-------- DATASET ENTRIES

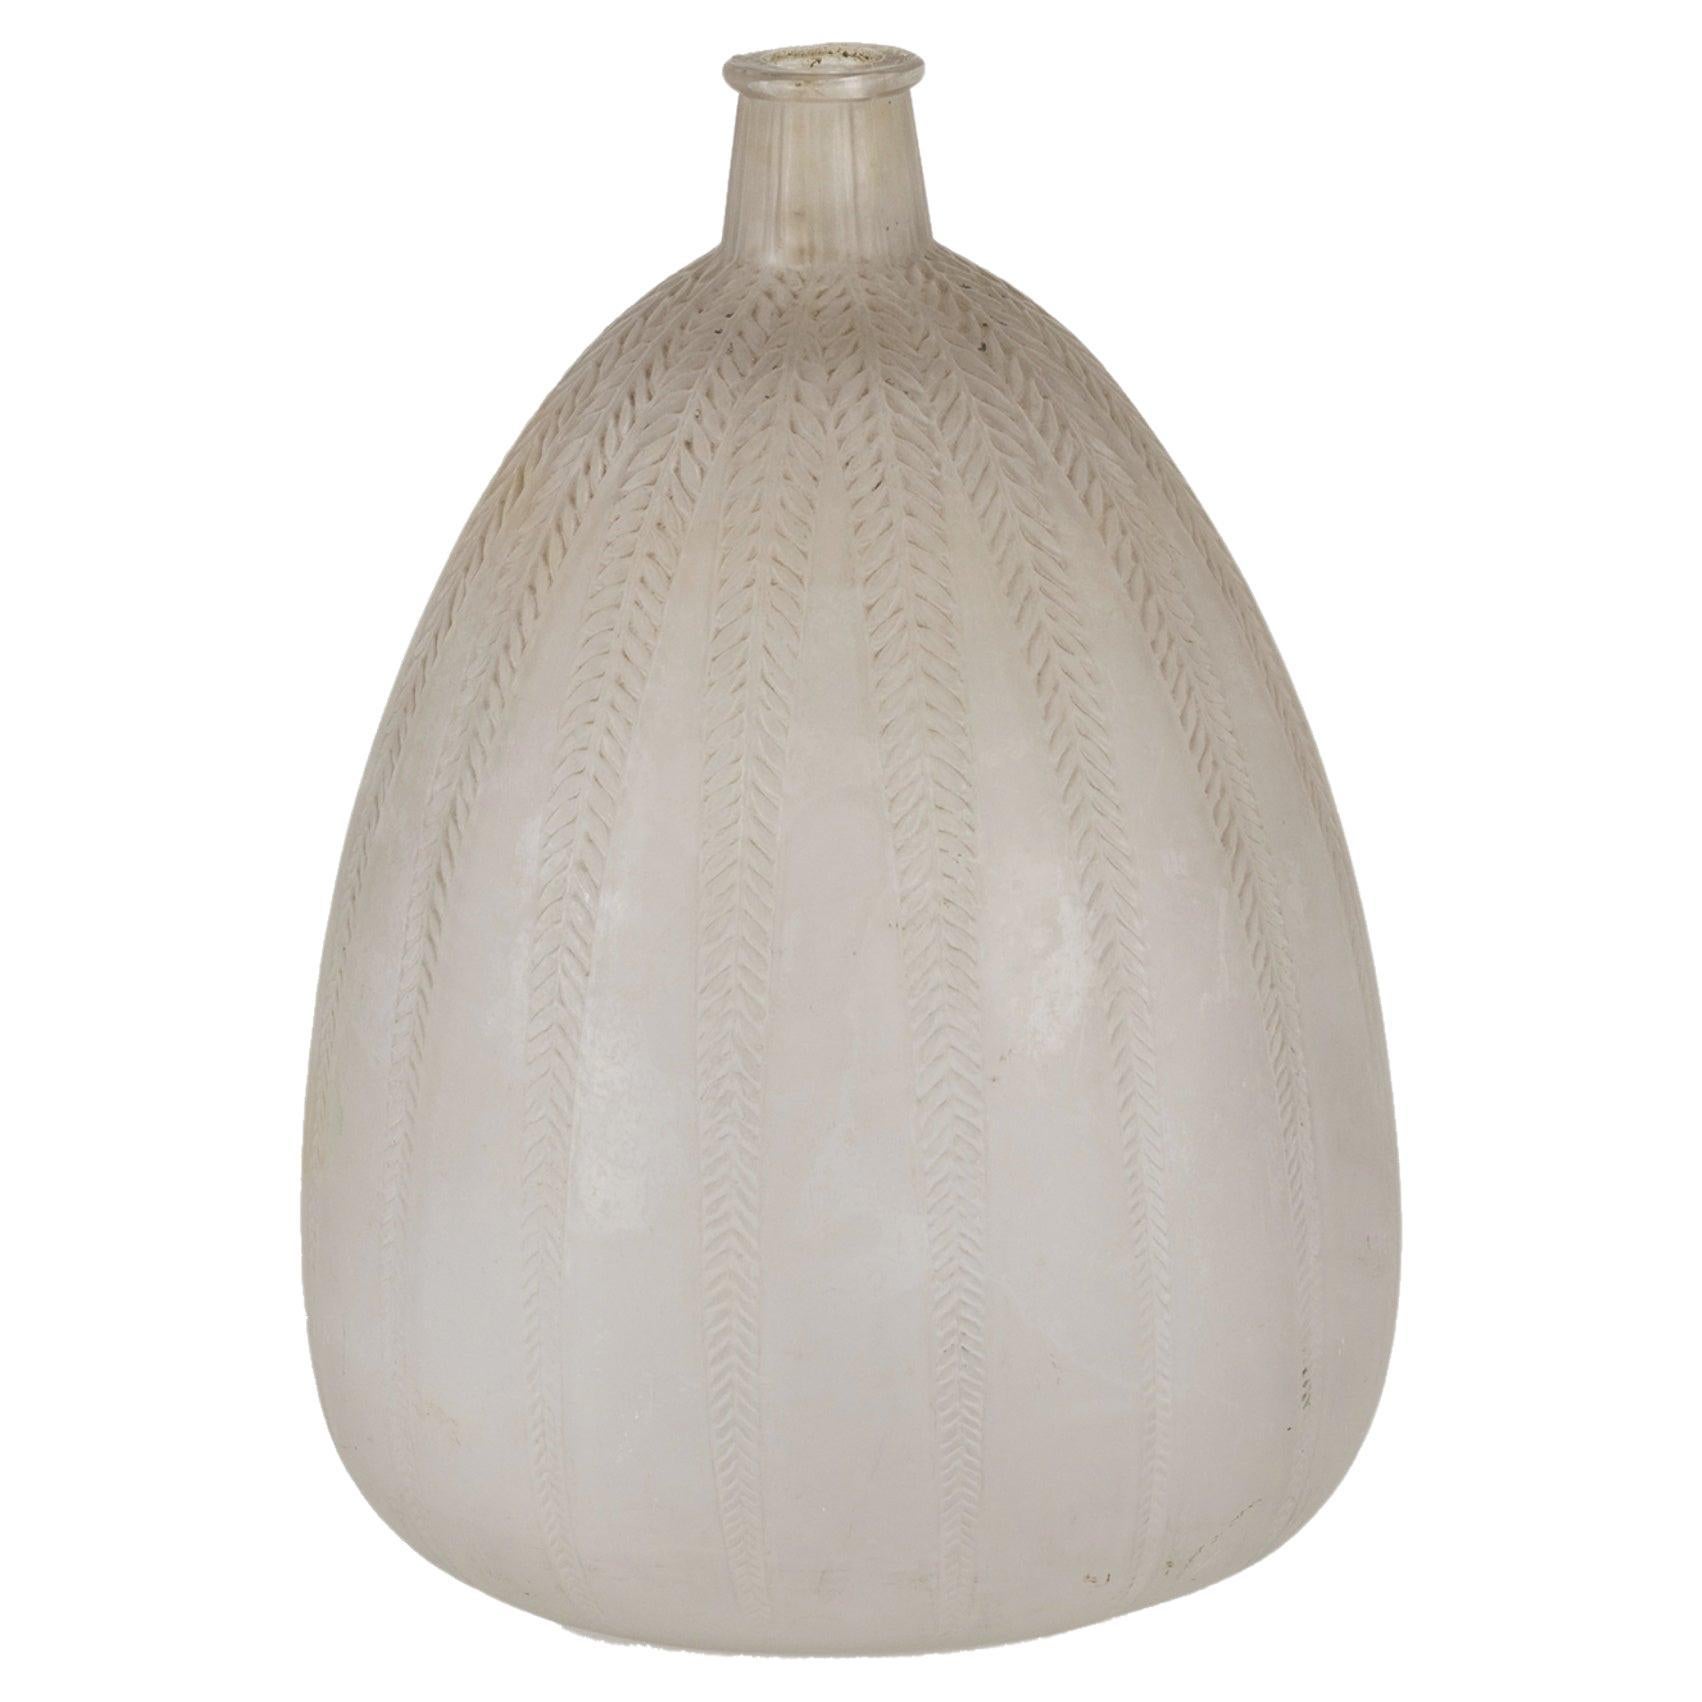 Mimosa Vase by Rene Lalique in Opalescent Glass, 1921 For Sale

----------------
-------- DATASET ENTRIES

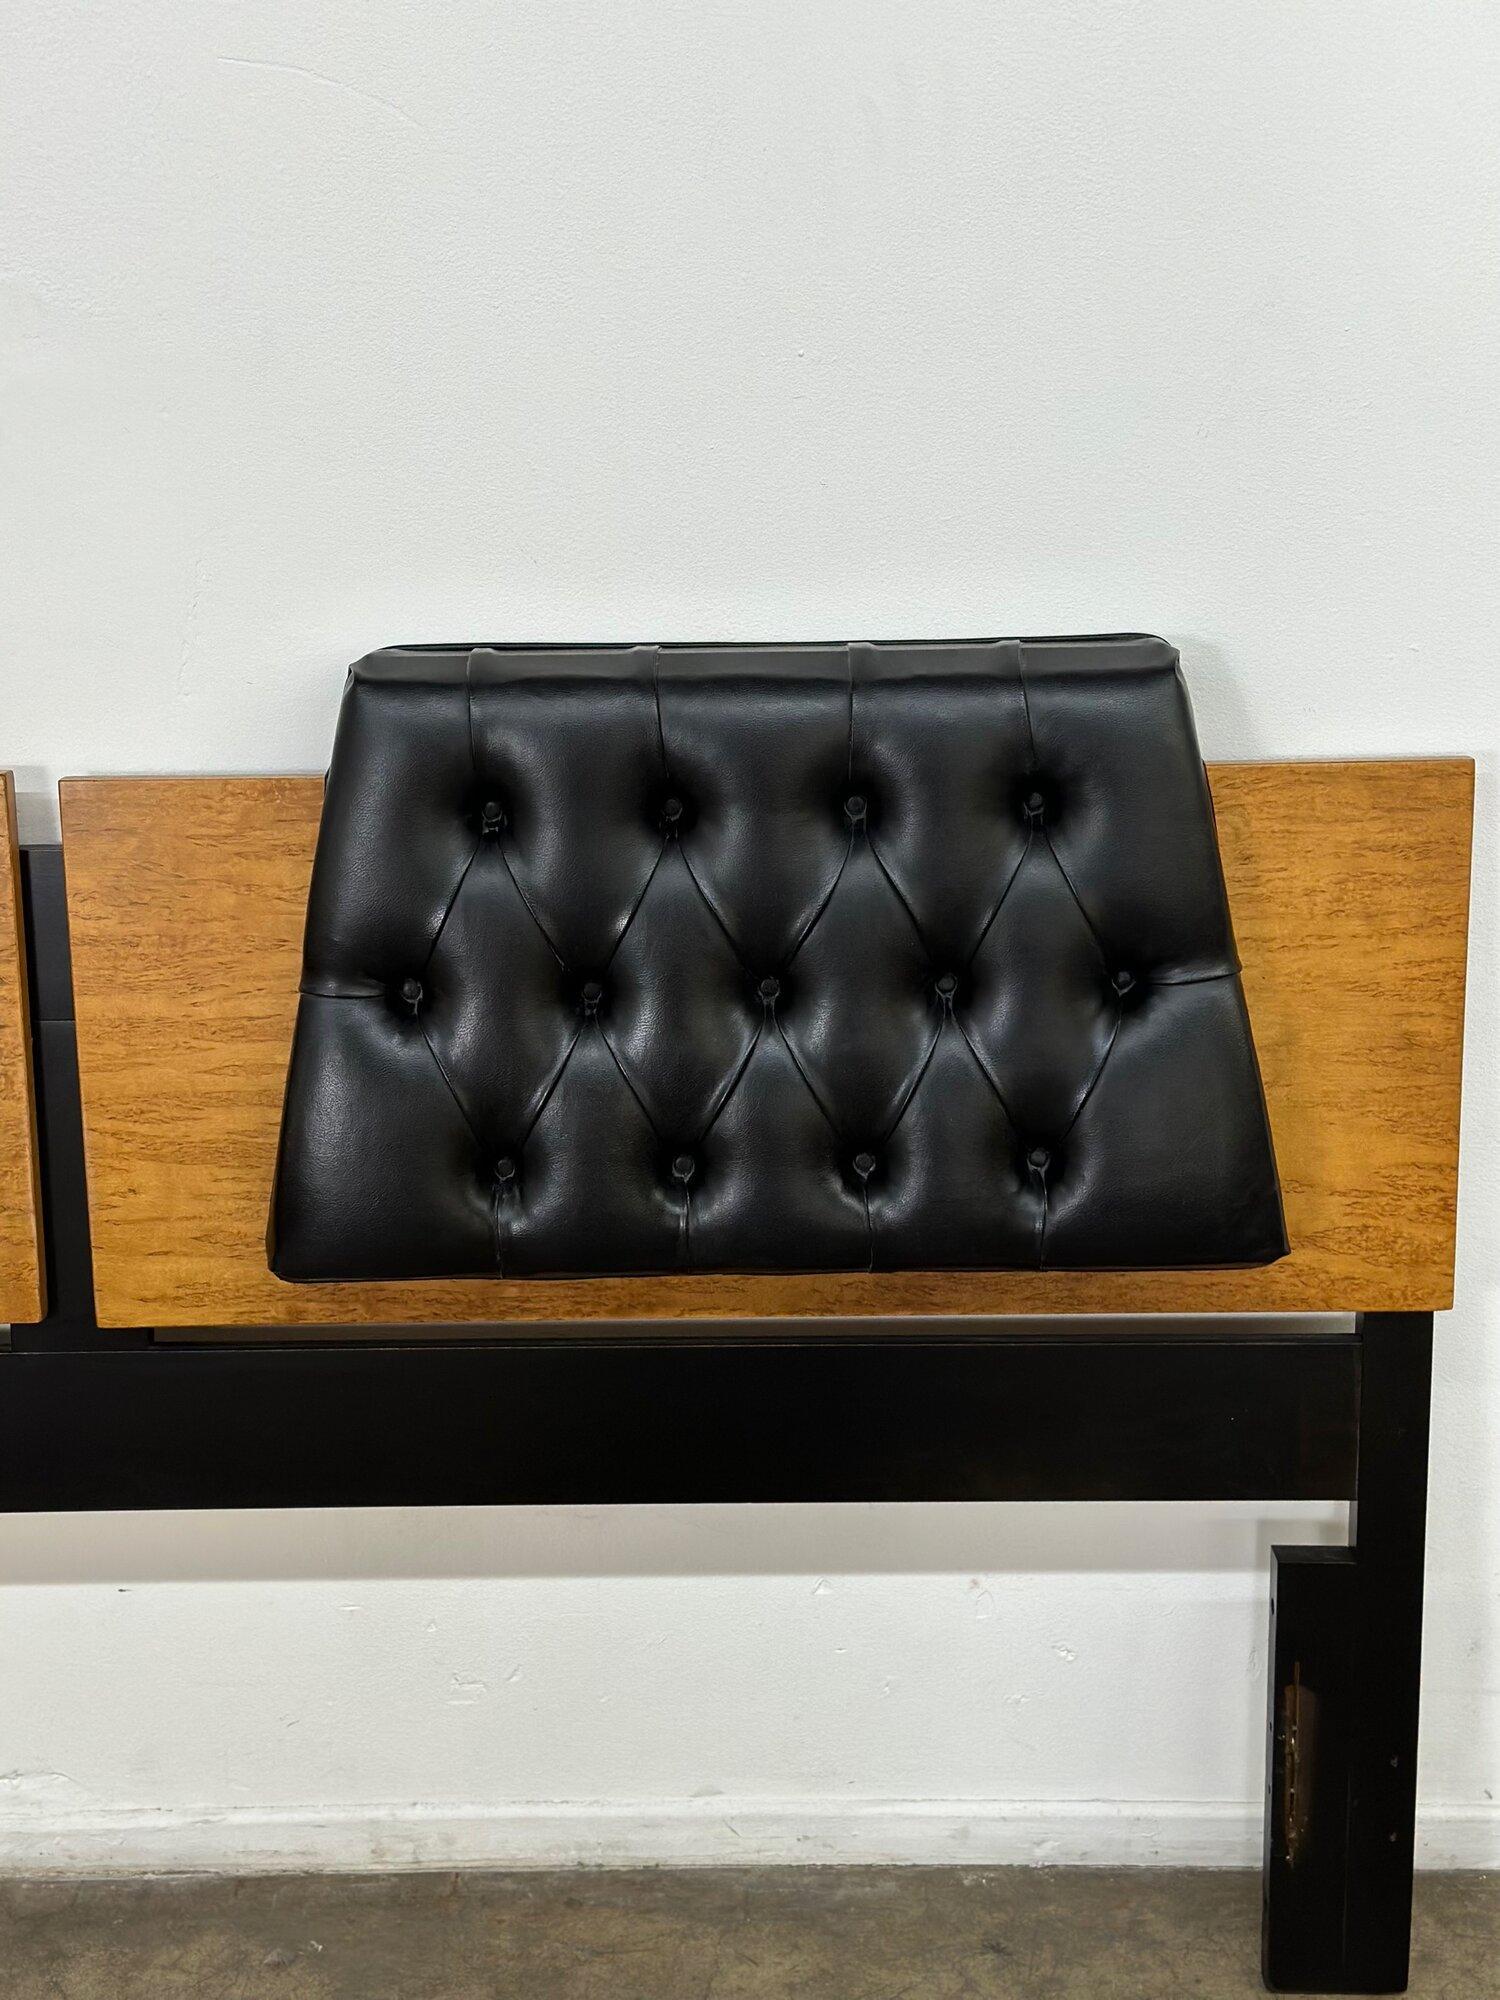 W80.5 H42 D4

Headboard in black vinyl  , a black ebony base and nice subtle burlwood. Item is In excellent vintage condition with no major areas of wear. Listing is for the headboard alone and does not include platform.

----------------

» WORK ORDER
Your output should be the lines above from the one that contains "W80.5 H42 D4" through the one that contains "Headboard in black", word for word, with pictures left out.

» SOLUTION TO THE PROBLEM
 W80.5 H42 D4

Headboard in black vinyl  , a black ebony base and nice subtle burlwood. Item is In excellent vintage condition with no major areas of wear. Listing is for the headboard alone and does not include platform.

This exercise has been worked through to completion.